→ DATA EXTRACTS:
★ ★ ★

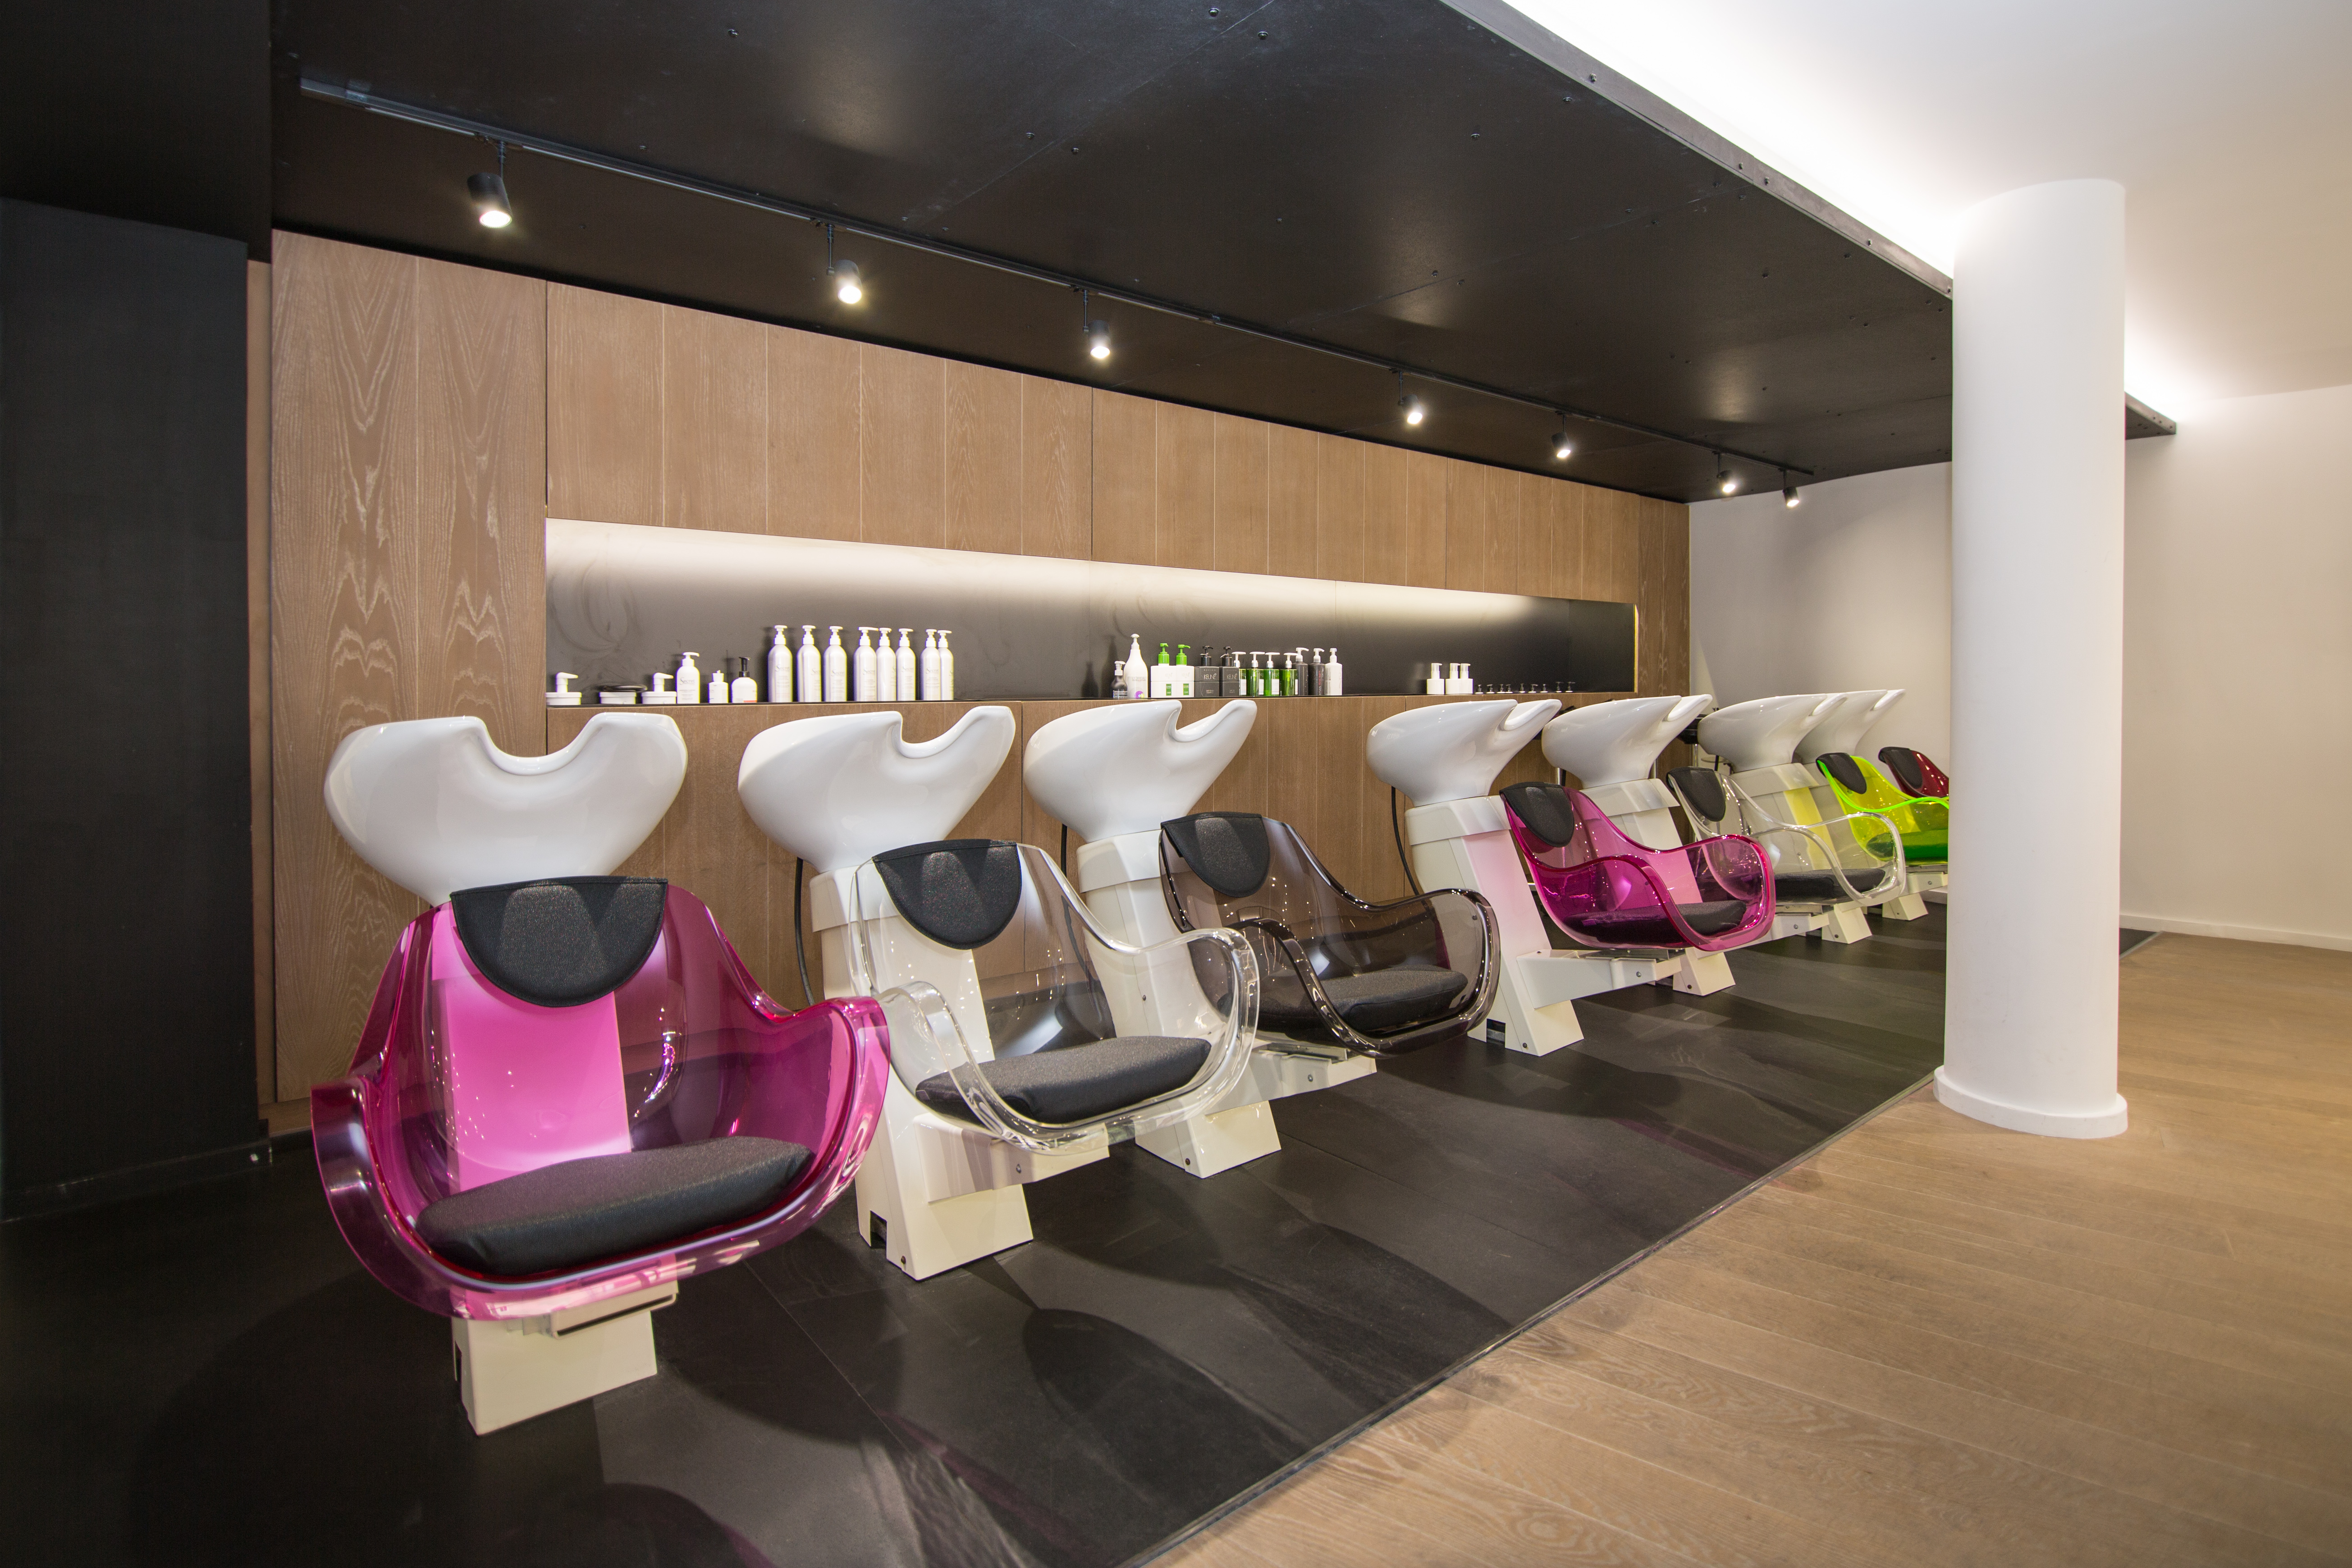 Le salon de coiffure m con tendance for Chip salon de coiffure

★ ★ ★

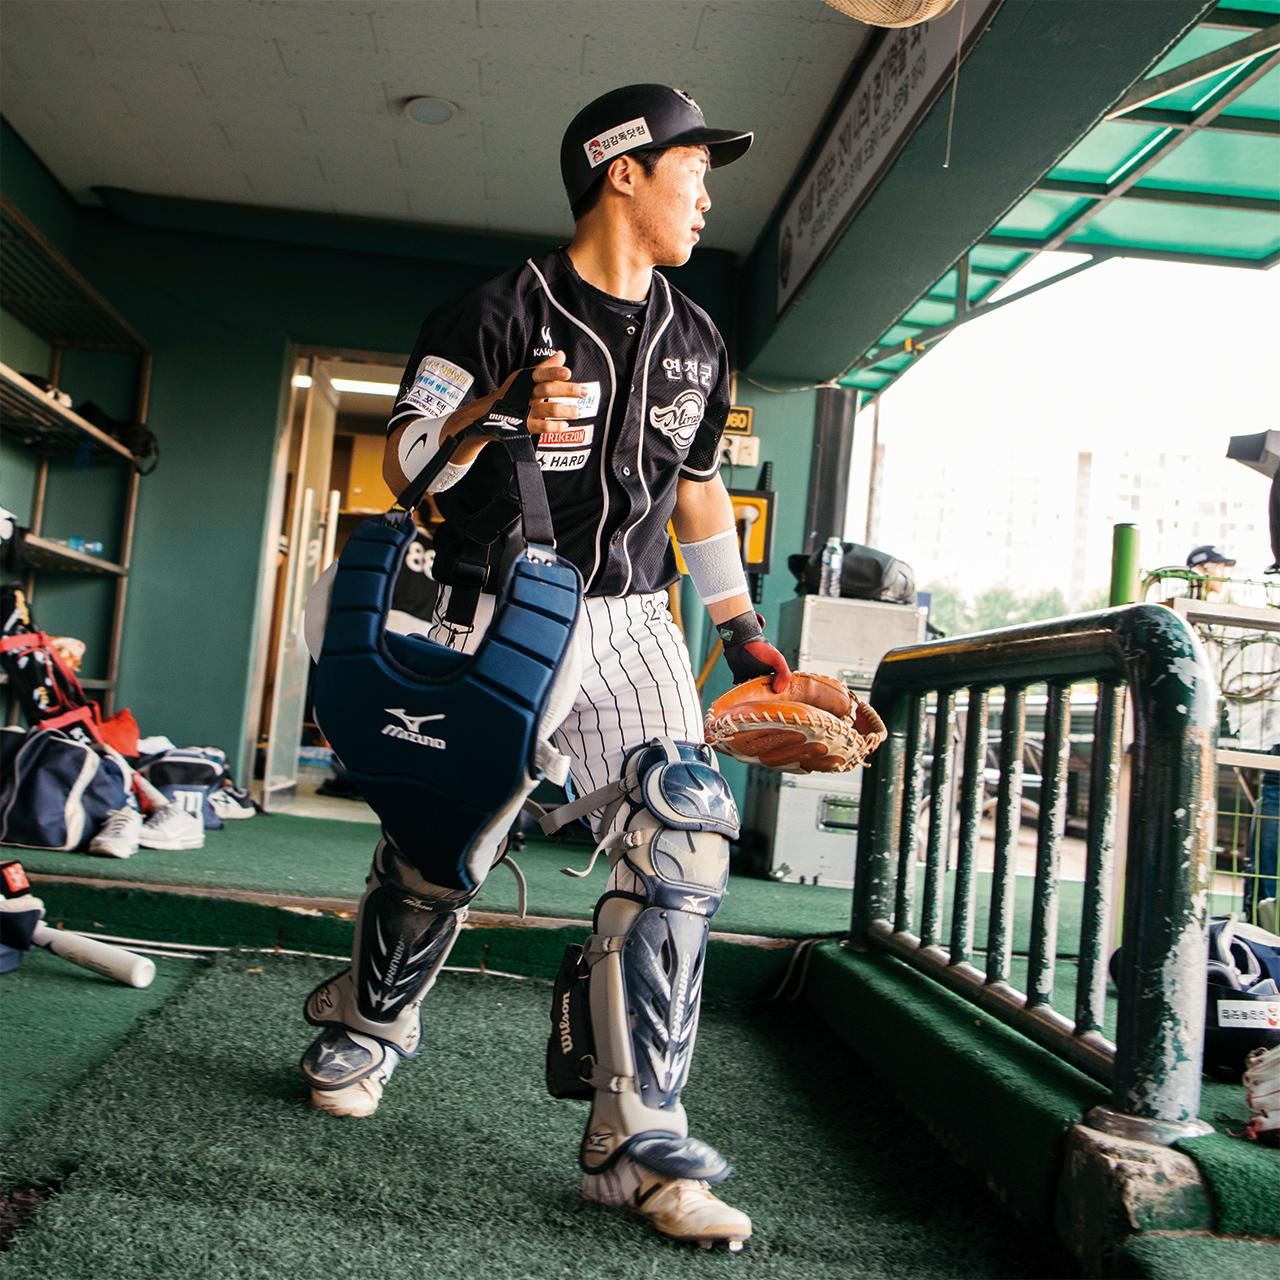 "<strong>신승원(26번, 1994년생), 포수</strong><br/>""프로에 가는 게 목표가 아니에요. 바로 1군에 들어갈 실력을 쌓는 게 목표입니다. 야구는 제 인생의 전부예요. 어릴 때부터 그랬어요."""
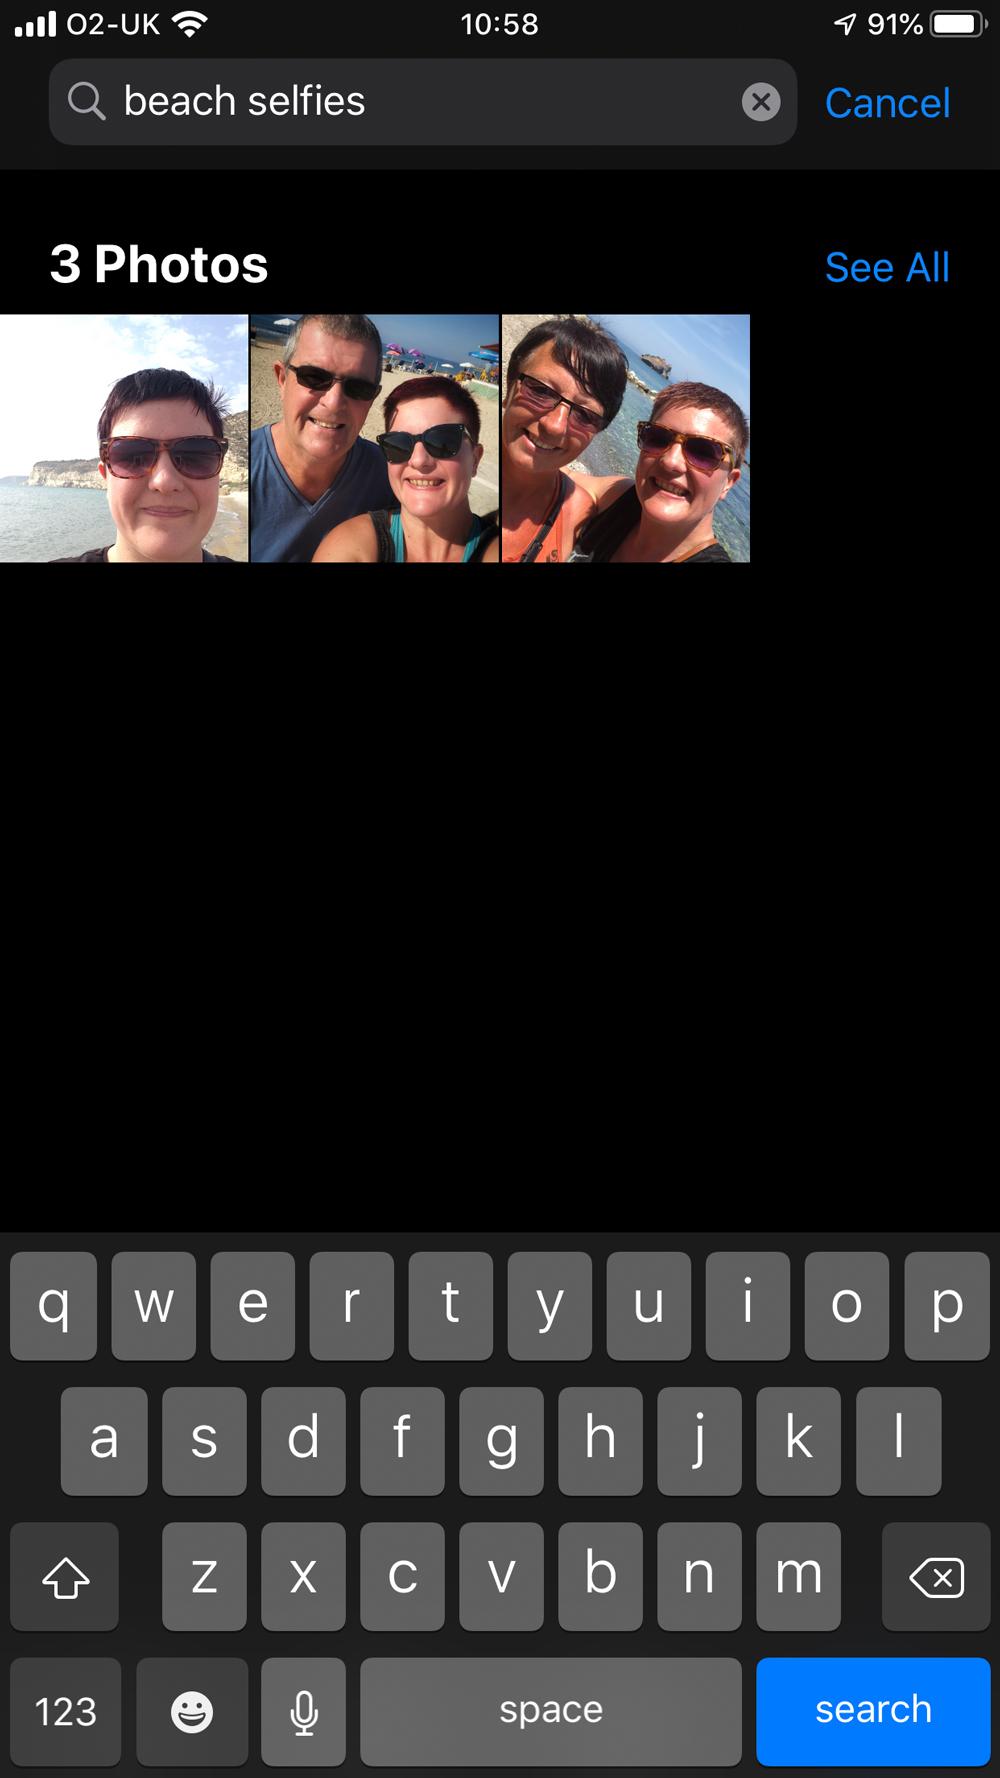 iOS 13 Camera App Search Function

★ ★ ★

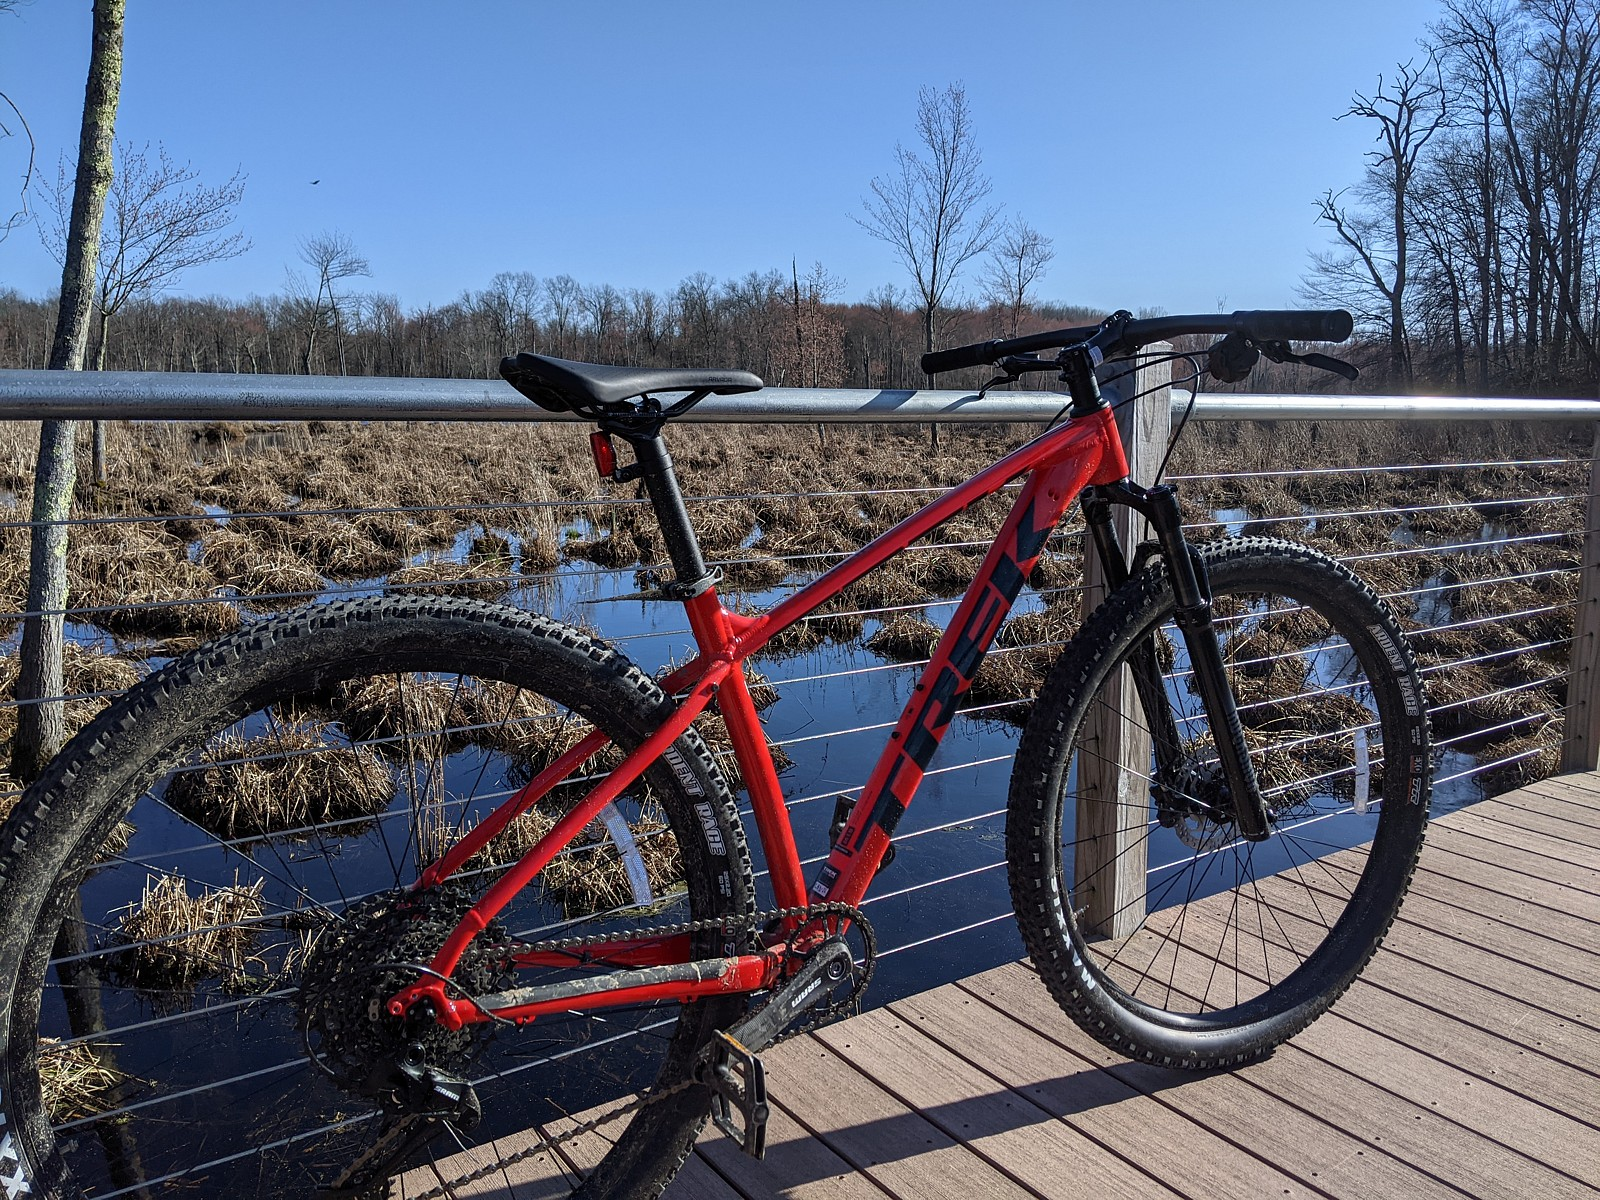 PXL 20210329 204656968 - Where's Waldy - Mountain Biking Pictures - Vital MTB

★ ★ ★

→ TASK DIRECTIONS: Copy the lines above exactly, starting with the line that contains "게 목표가 아니에요." and ending with the line that contains "iOS 13 Camera App Search Function", and leave out any pictures.

→ TASK RESULT:
 "<strong>신승원(26번, 1994년생), 포수</strong><br/>""프로에 가는 게 목표가 아니에요. 바로 1군에 들어갈 실력을 쌓는 게 목표입니다. 야구는 제 인생의 전부예요. 어릴 때부터 그랬어요."""
 iOS 13 Camera App Search Function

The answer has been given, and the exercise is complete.